The real problem with frequent emergency changes

Changes are decisions, balancing risk and reward. In the language of Decision Theory, they are classed as normative or prescriptive decisions (i.e. identifying the best decision to take) which rely on access to good information and are best made rationally (rather than irrationally, emotionally or because there’s an expensive marketing campaign about to start that nobody told IT about). The processes and tools used to analyse decisions and their outcomes are usually referred to as Decision Support Systems, and can be technological, procedural, or a combination.

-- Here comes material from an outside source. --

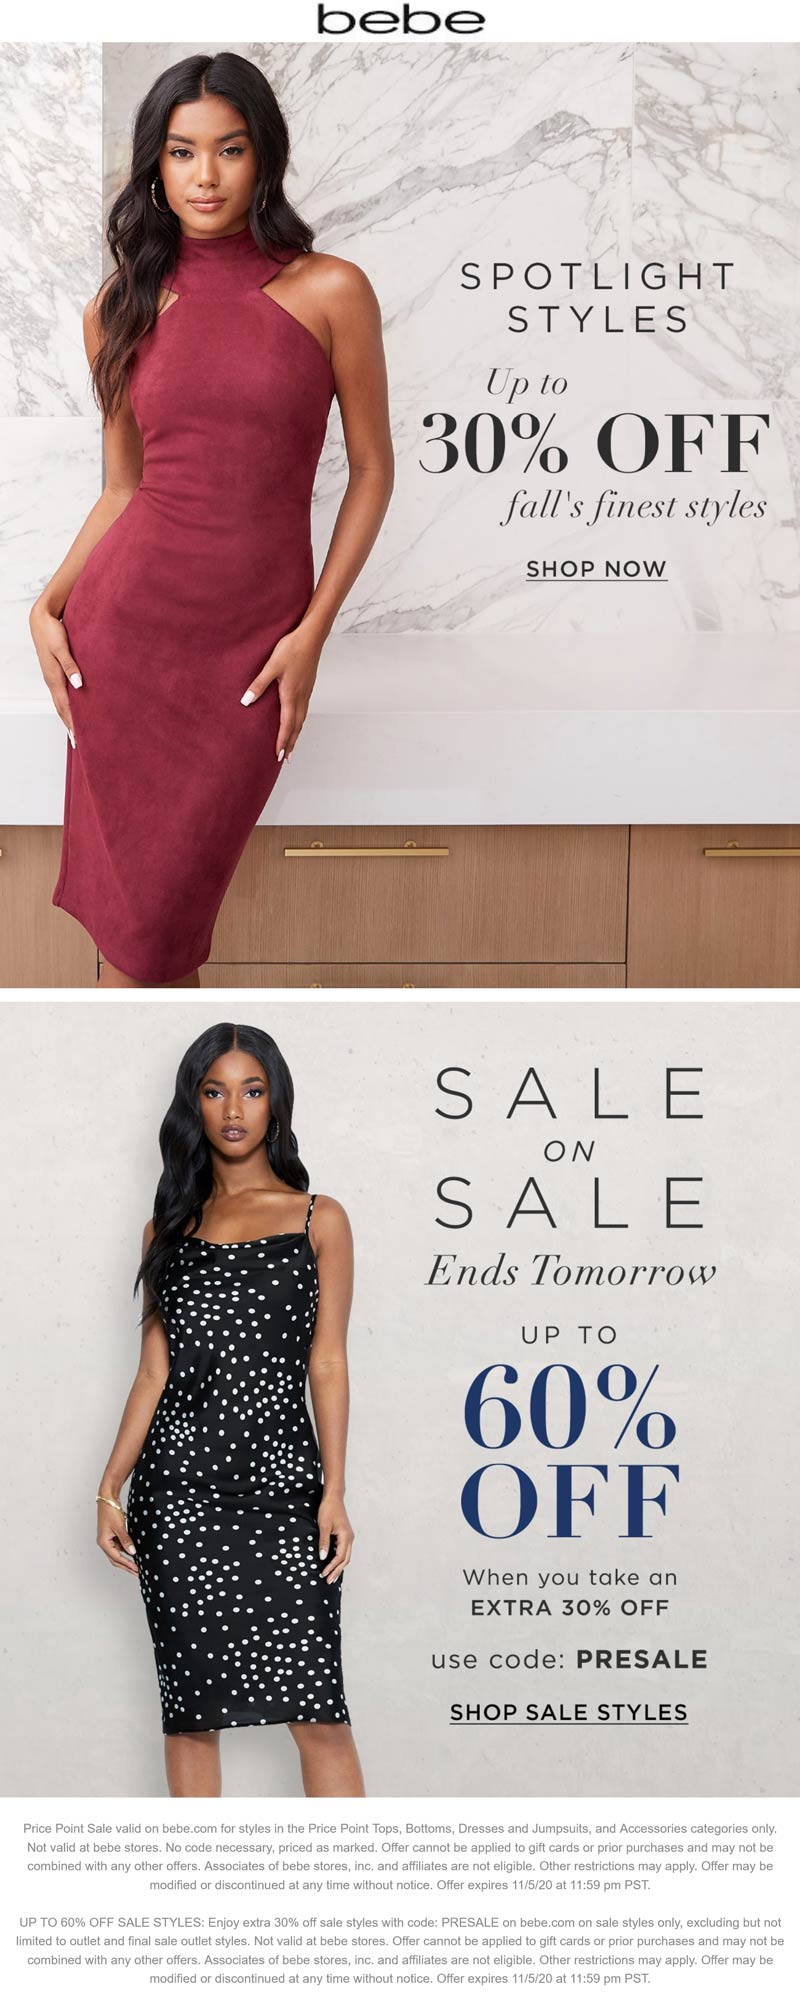 bebe stores Coupon  30-60% off Fall styles & more at bebe, or online via promo code PRESALE #bebe 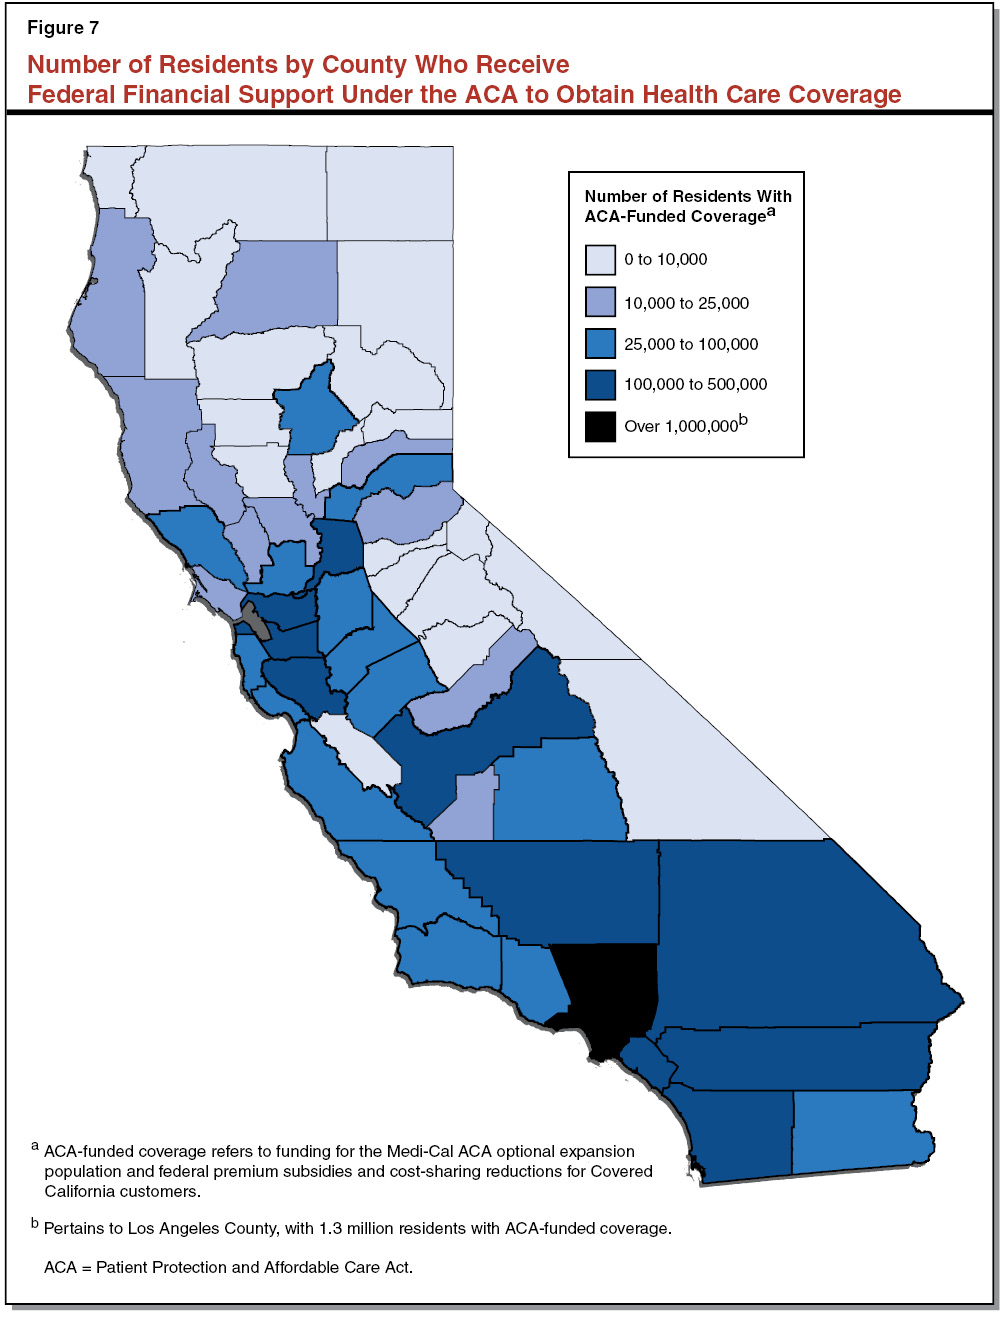 3569-report-web-resources/image/Figure 7 - Number of Residents by County who Receive Federal Financial Support Under the ACA to Obtain Health Care Coverage

For IT changes, the Decision Support System is the change policy, process, tool and the people who manage, review and approve them. Using these, it’s possible to take one big decision (“should we do this change?”) and carve it into smaller and more manageable decisions, e.g.:

  • Is the Request For Change correctly filled out with meaningful information?
  • Has the technical peer review been completed?
  • Is there a compelling benefit case?
  • Has the change been tested?
  • Is there a fully resourced and tested implementation and remediation plan?
  • Will it clash with another change?

etc etc.

Most of these smaller decisions are human and procedural, though technological quality gates can be included too, such as simulated code builds, static code analysis outputs, configuration data etc.

By splitting bigger decisions into smaller ones, it’s possible to spread the burden of decision-making across several people, although care must be taken to avoid making all of the sub-decisions in isolation (or being overly reliant on theoretical models as per the Ludic Fallacy)  – which is why the ultimate decision (“should we do this change?”) is best taken in the context of the real world situation in your organisation – you and I know this as the CAB.

Most change managers and change approvers know this concept of splitting up big decisions intuitively, which is why we reject poor quality change records, ask for peer reviews, demand to see a test completion report and make people wait for CAB.

The concept of a change process then is a good one. It leads the requestors, assessors and approvers through a logical sequence of smaller decision-making until there is enough information to make that ultimate decision in a relatively straightforward manner with good information to base it on. This process can take days, especially as many of the smaller-decision makers have day jobs, which is why many organisations have weekly scheduled CABs and cutoff dates.

But the benefit of smaller decisions is missing from emergency changes because they simply don’t have time – they’re emergencies. The smaller decisions end up getting rushed (“well, it’s got half an implementation plan, and we tested a bit of it, is that good enough?”) and the burden of the smaller decisions gets pushed to the emergency change approver – which despite good intentions in your emergency change policy can end up being a single senior manager, or sometimes the change manager alone.

If this happens once a month, it’s probably not a big deal. The person who ends up being asked to decide might take a little time to ask a few people their opinions, form an emergency CAB, push back on some shoddy testing, rework the implementation plan, speak to the business and so on. But if it happens several times a day, that person is going to get fatigued, stressed, and ultimately end up making bad decisions.

And this is the problem with having too many emergency changes. Bad or rushed decisions either mean blocking something the business really needs through being too risk averse, or present an unnecessarily high risk to your production services by being too relaxed.